Hartwell was sleeping in Seattle when a staff member at the research center called and woke his wife at 2:45 a.m. “You won’t believe this,” she said, rousing Hartwell from bed. The Nobel Committee had been trying to contact him for hours but couldn’t find his unlisted phone number. The staff member saw the announcement on the Nobel Foundation’s Web site and called with the news.

“It struck like a thunderbolt,” Hartwell said.

Nurse, director of the Imperial Cancer Research Fund, learned of his Nobel Prize from a voicemail message left on his cell phone. As he digested the news in the middle of a business meeting, he was “not too coherent,” he said. “I couldn’t quite believe it was true.”

Nurse said he might treat himself to a new motorcycle, then donate the rest of his prize money to cancer research.

“I am over the moon to win this award,” said Hunt in London.

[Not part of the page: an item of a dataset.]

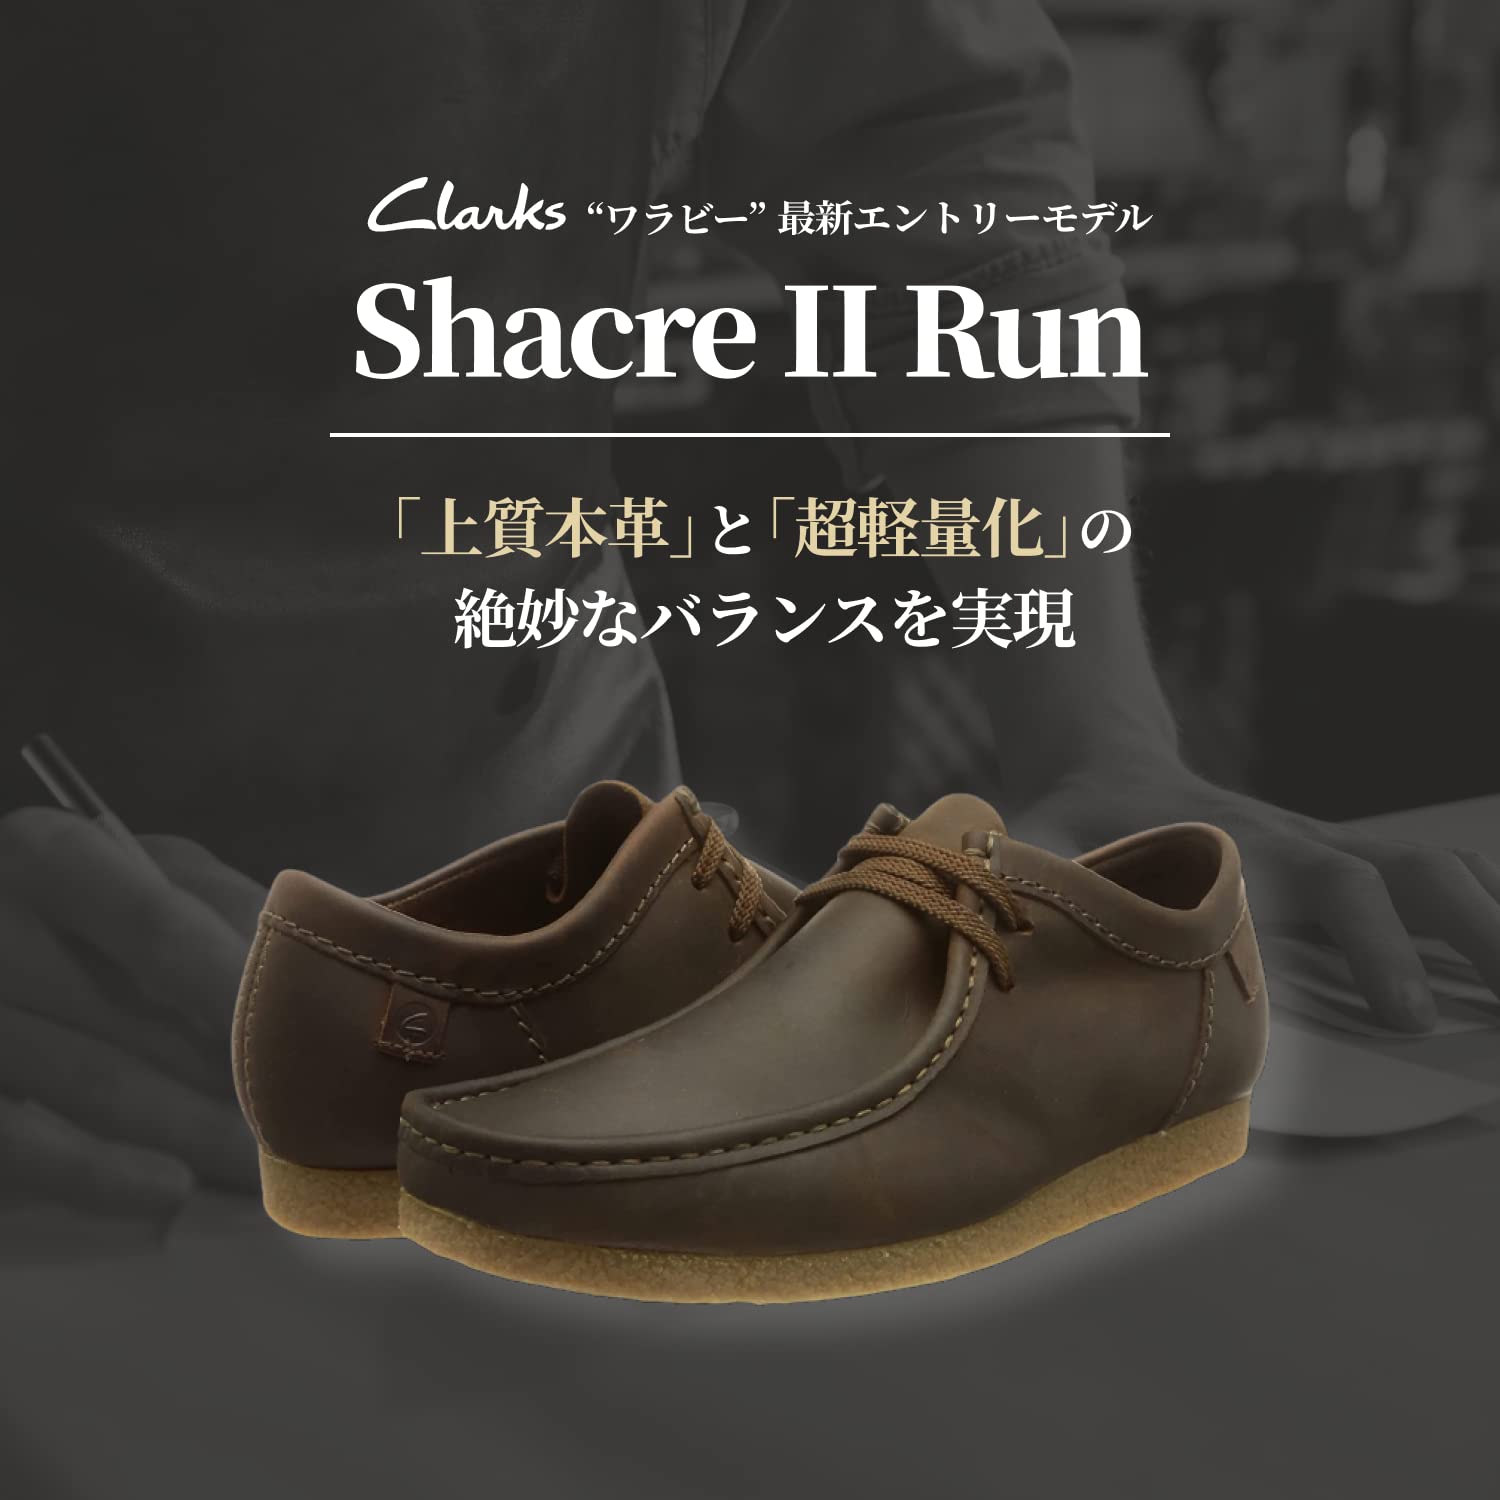 Clarks Shacre II Run Tan Tumbled (26159431) UK-11 
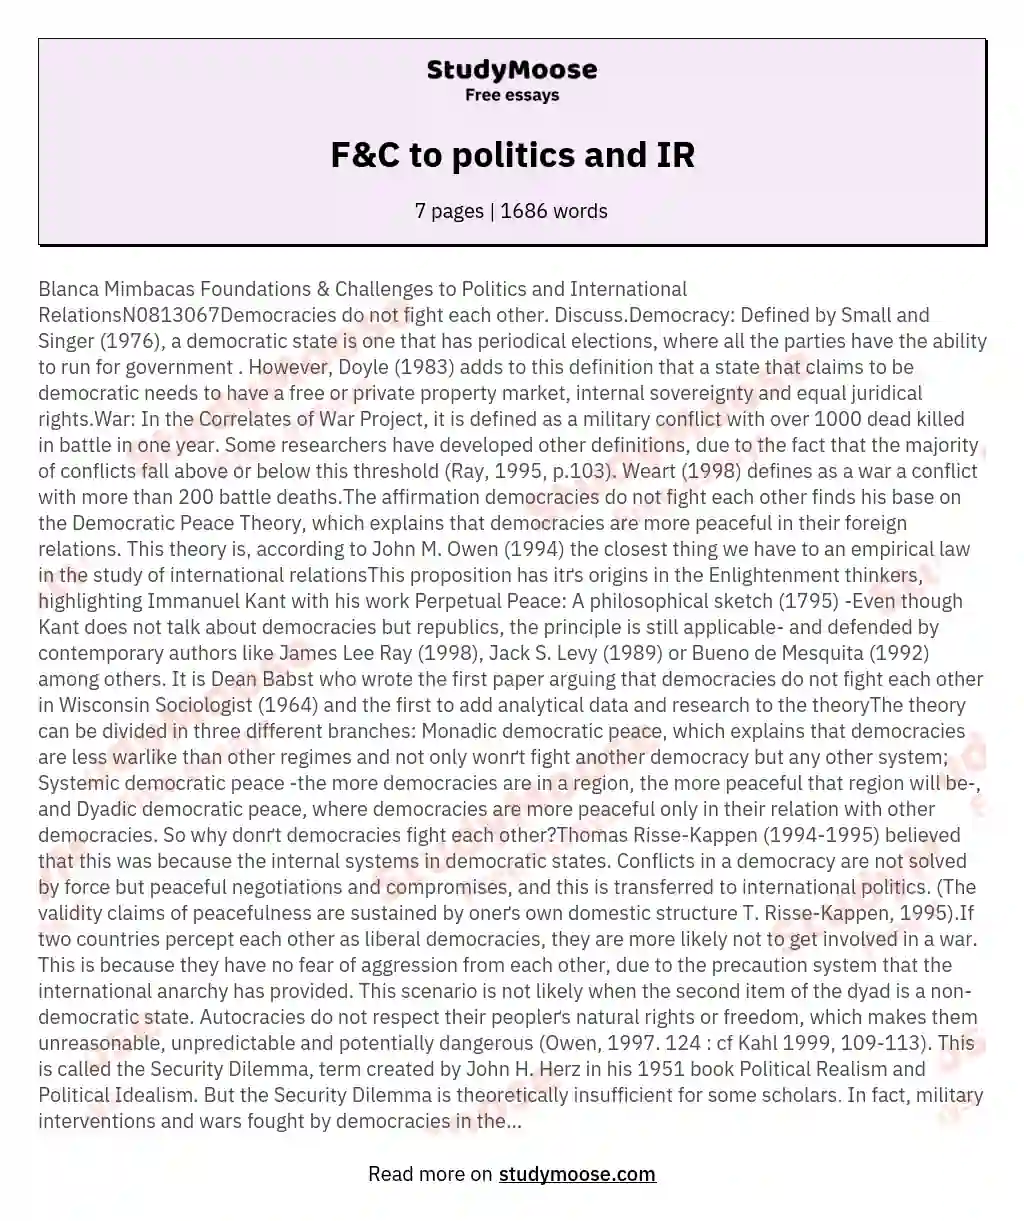 F&C to politics and IR essay

The work was hailed by others in the field. “For many years, people have thought that the key for understanding the cancer problem would be understanding the cell cycle in its complete manifestation. And it has turned out to be a big chunk of the problem,” said Steven Smith, professor at City of Hope Medical Center in Duarte.

“The work they did has given us kind of a map of how the cell cycle works--in terms of what are the control points, what are the decisions that have to be made by the cell in deciding whether it’s ready to commit to cell division.”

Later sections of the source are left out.